About PUMKIIN.TECH
The Road to Senta (Paved With Failures)
I've always found AI systems cool. Wanted to work with them, play with them, build them. So I tried. And failed. A lot.
First project: build my own LLM. I followed Andrej Karpathy's tutorial and it felt cool. Downloaded all of English Wikipedia as training data because why not go big? My 3070 on the otherhand said no. Somewhere between maxing out its 8GB of VRAM and using all 64GB of my system memory I realized. It didn't work at all.
Moved on.Some time later I made a branching tree ML model in a beginner Python class is was bored with. It identified suspicious network traffic vs. normal with 98% accuracy. While everyone else played with turtles drawing shapes, I built that. Then I dropped out of college immediately after because it felt too easy, too expensive, and not about what I wanted.
I tried teaching a neural net to play Wordle using reinforcement learning. That failed horribly. Who have thought teaching a nerual net to spell english words, where the word changes everytime is difficult. Apparently I didn't.
After all these failures, I realized something important: I had no fucking clue how any of this worked.
So I hit rock bottom and started small. Built a simple sentiment analysis bot. Positive/negative at first. Then moved on toemotions. But I needed training data, so I made a demo page for me and my boyfriend to label sentences.
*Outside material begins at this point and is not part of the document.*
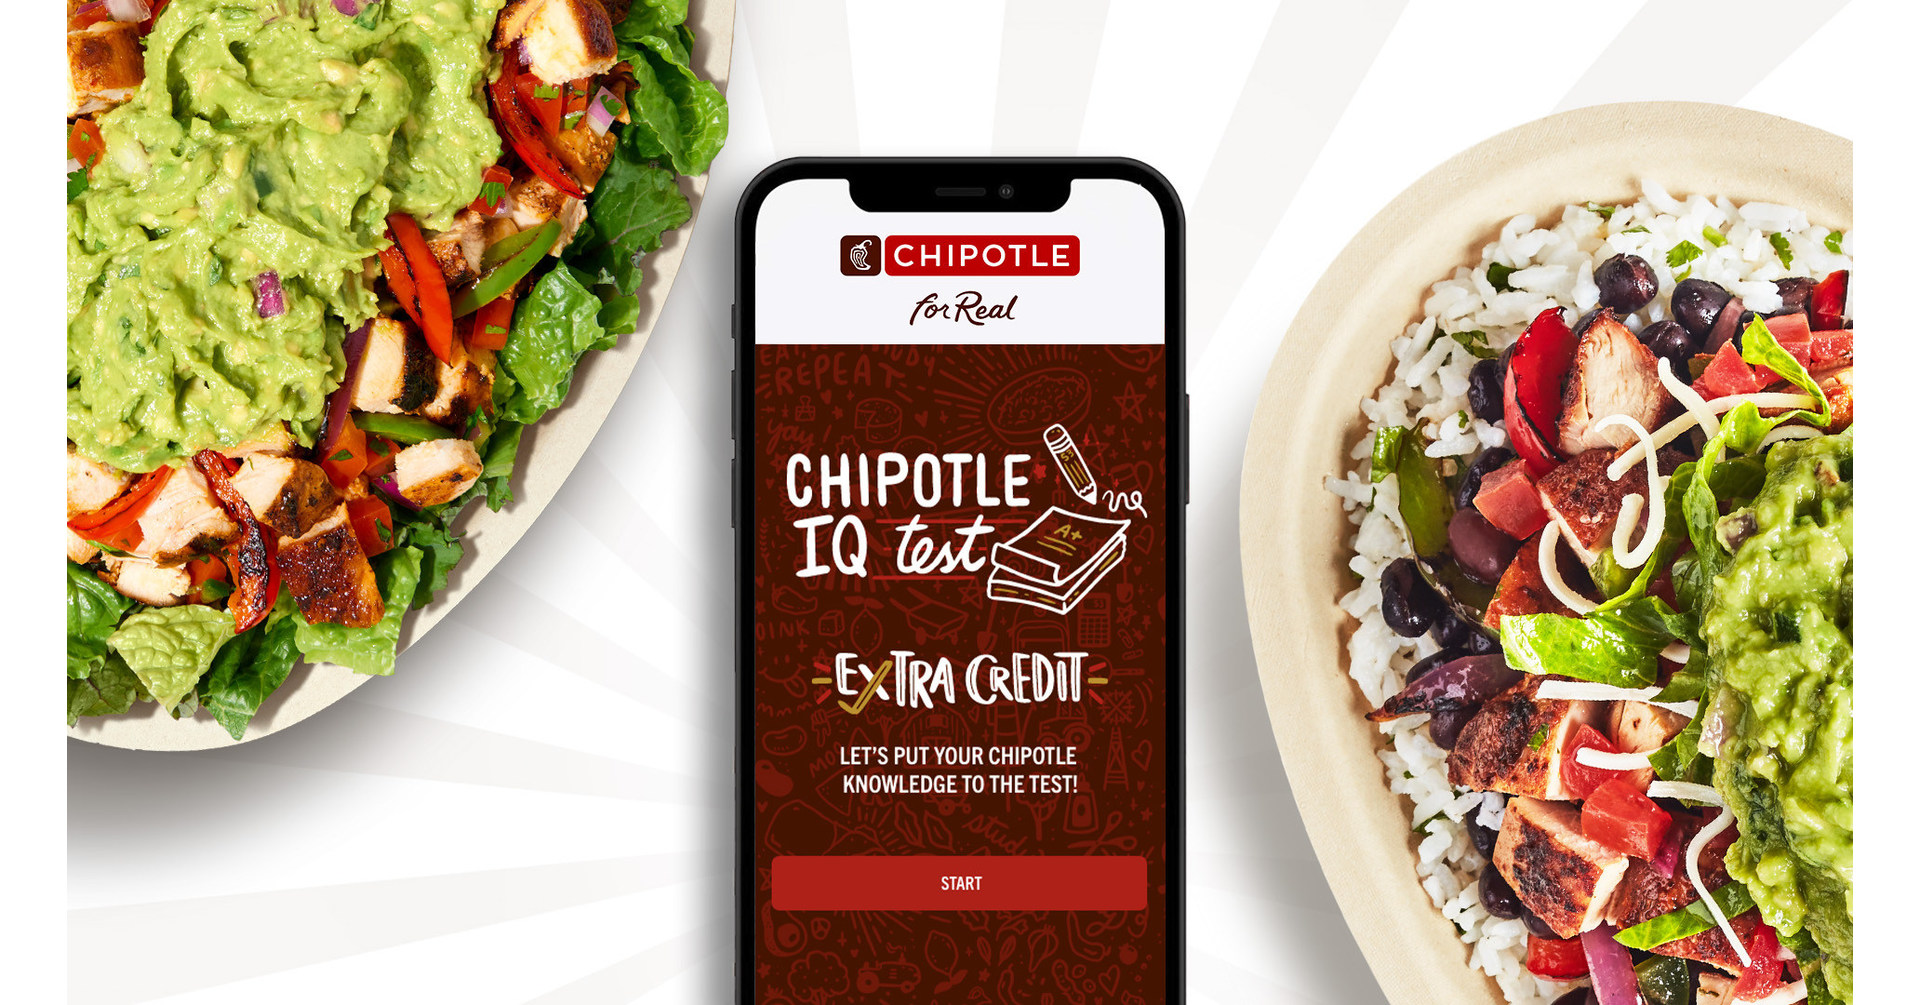 CHIPOTLE IQ IS BACK WITH 500,000 BOGOS FOR BRAND SCHOLARS

One night at his workplace, I floated the idea: what if I turned this into a full website? A tech portfolio to show what I can do. Not to get hired, just to prove I could build it. To talk about it for anyone to read.
So I built a proof-of-concept homepage in about an hour. That's what you're looking at now (with some polish, of course).
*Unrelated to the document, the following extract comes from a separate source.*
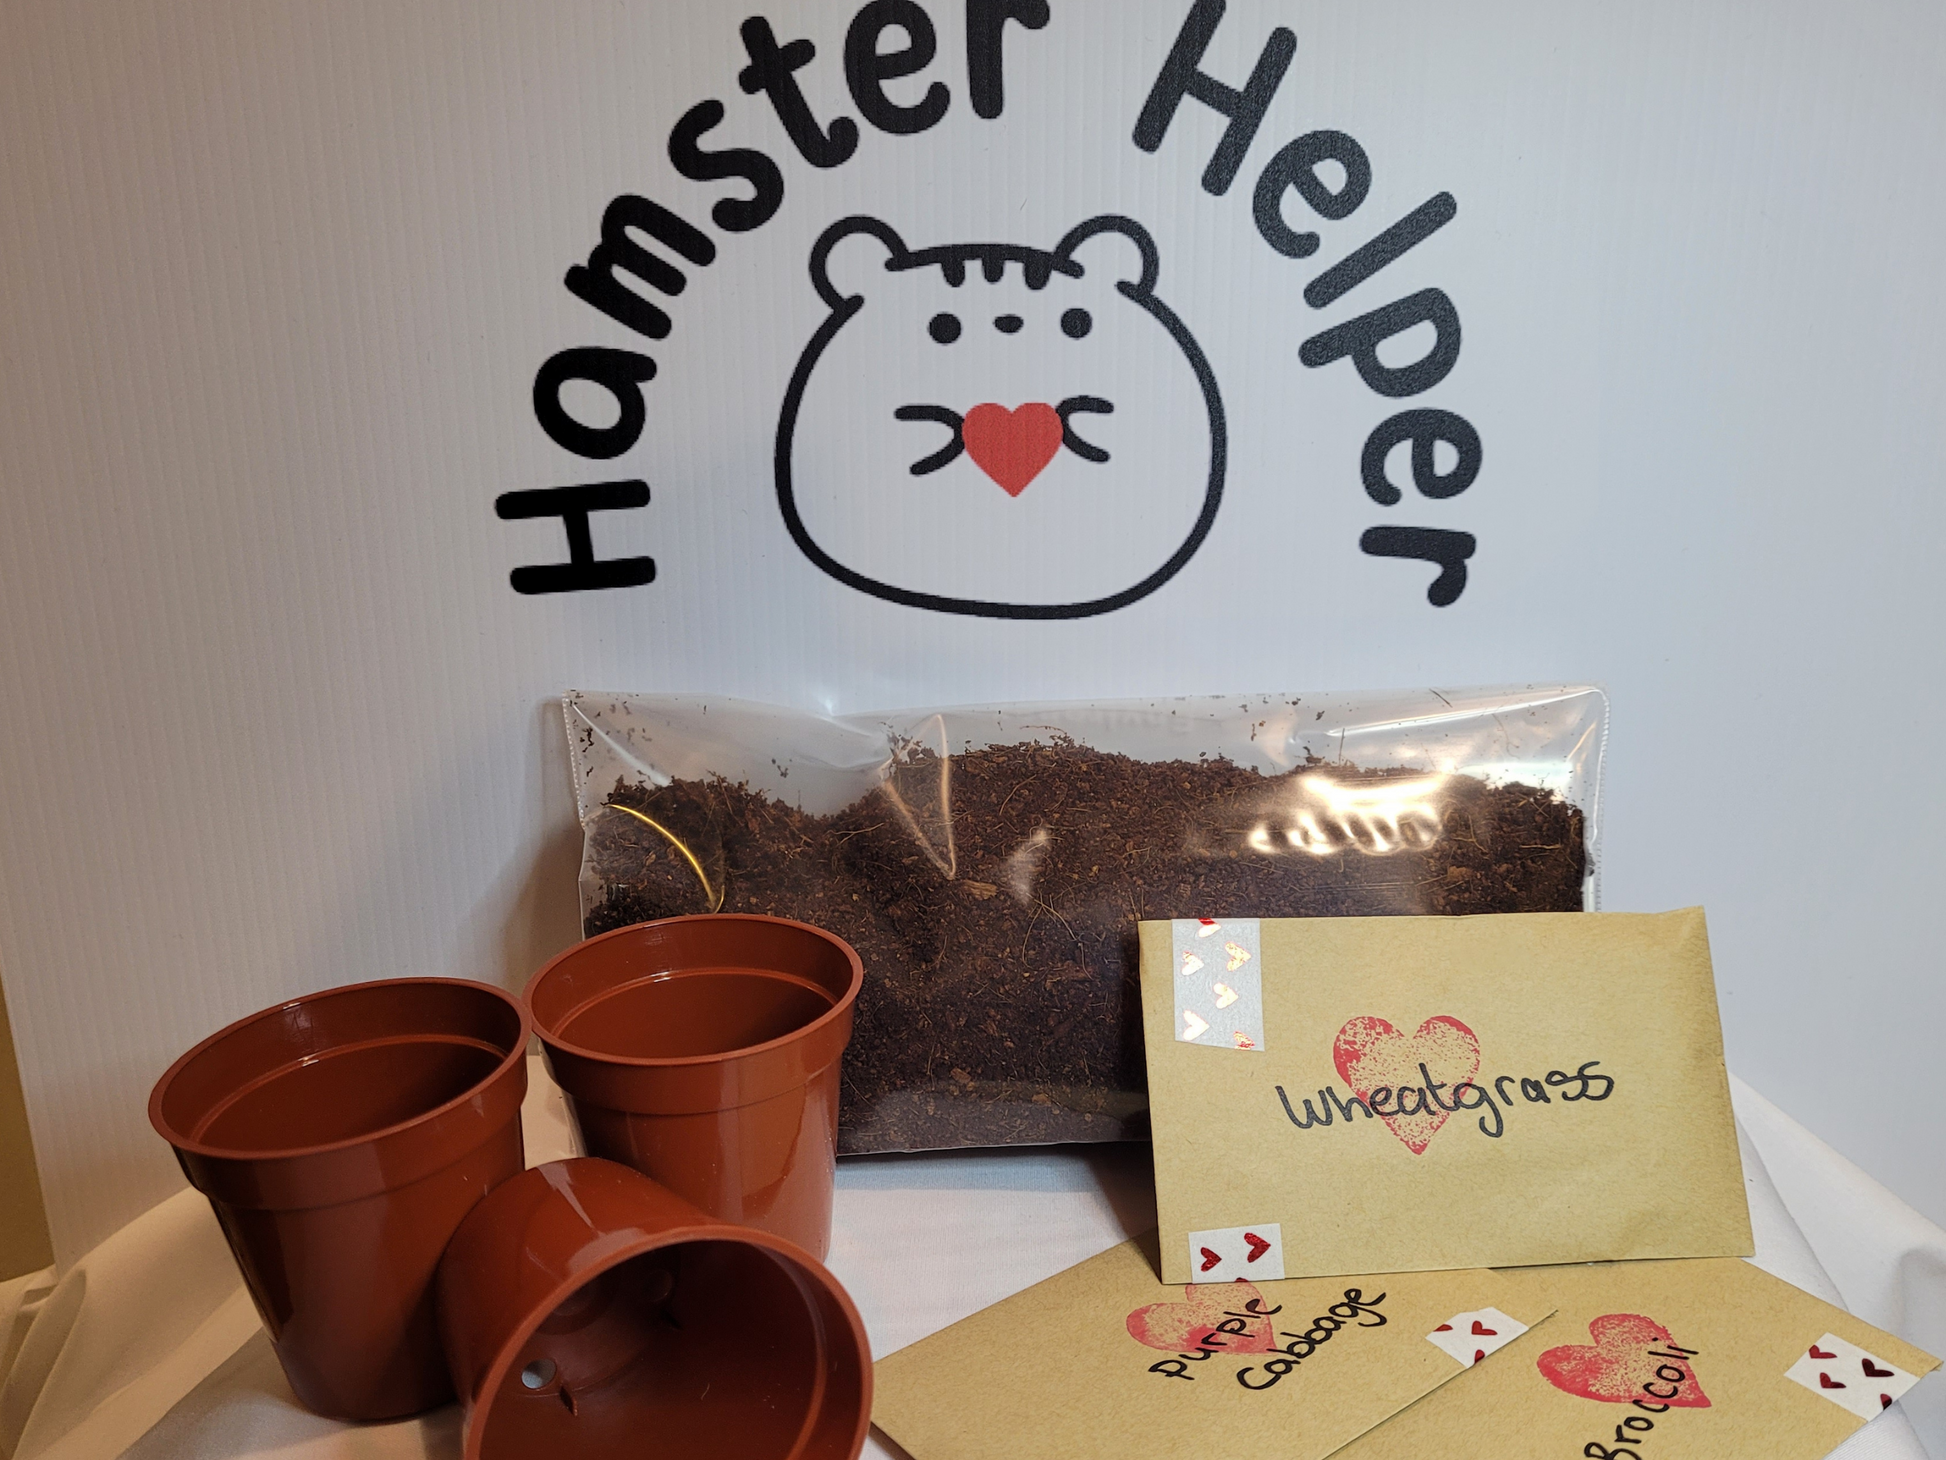 A kit for growing hamster microgreens containing three plastic plant pots, three packs of seeds and some hamster safe soil pictured in front of the Hamster Helper logo

Senta actually worked. And PUMKIIN.TECH was born.
How I Got Here (The $40 Origin Story)
I've been around tech my whole life. My dad loves computers, taught me a lot. But around age 6 or 7, I started tinkering on my own. By 12, I'd built my first gaming PC from parts my dad bought for christmas.
At first I ran Minecraft servers, played with network shares, tinkered endlessly. Eventually bought an old Dell Optiplex 9020 SFF for $40. A single 4TB drive, amd it ran Windows at first, then Ubuntu. Docker containers. Reverse proxy. Jellyfin. Digitized all my movies on DVD, Blu-ray, and VHS.
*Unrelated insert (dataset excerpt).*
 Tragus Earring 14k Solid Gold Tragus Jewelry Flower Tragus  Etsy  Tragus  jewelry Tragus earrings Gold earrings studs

At some point I scaled up—bought a PC case with 12 drive bays, filled it with 4TB drives, installed TrueNAS Scale. Around age 15-16, had a falling out with my mom. I ended up giving up on tech for a while. I worked at Walmart pushing carts. The upside was I lost some weight, but I also lost myself.
Eventually started buying things I wanted again. Got a UDM Pro from Unifi, some WiFi access points, a PoE switch. Built my own network from scratch. VLANed my part and my dad's part separately. VLANed web services into their own segment. I started thinking about security.
I found an old Supermicro machine on eBay. Built it up with cheap hardware. And it still runs today. Proxmox, 128GB RAM, 12TB of SAS drives (which I want to replace with SSDs), dual Xeon E5-2690 v2 CPUs (10 cores, 20 threads each). It runs everything. Sits a couple feet from my bed, humming day and night. Critical stuff runs on Linode VPS for uptime. Everything else? That Supermicro box in my trailer.
What to Expect Here
I write about whatever inspires me. Right now that's Senta (the sentiment bot that finally worked), image processing fundamentals, and whatever else catches my attention.
I'm not a how-to guide. I'm not smart, I'm not friendly, and I'm not always nice. But if you're here, you probably don't need another polished tutorial anyway.
This site runs on what I built. My Proxmox homelab (that Supermicro beast), Linode VPS for uptime-critical stuff, PHP, Python, MySQL, Redis. No frameworks. All built from scratch.
You don't need what I have. My homelab started with a $40 office machine from eBay. I never thought I'd get to this point. I live in a trailer where power draw is a real concern. There's still a lot more I want, but I'm already pushing the limits of what these walls can handle.
Start small. Fail a lot. But build anyway.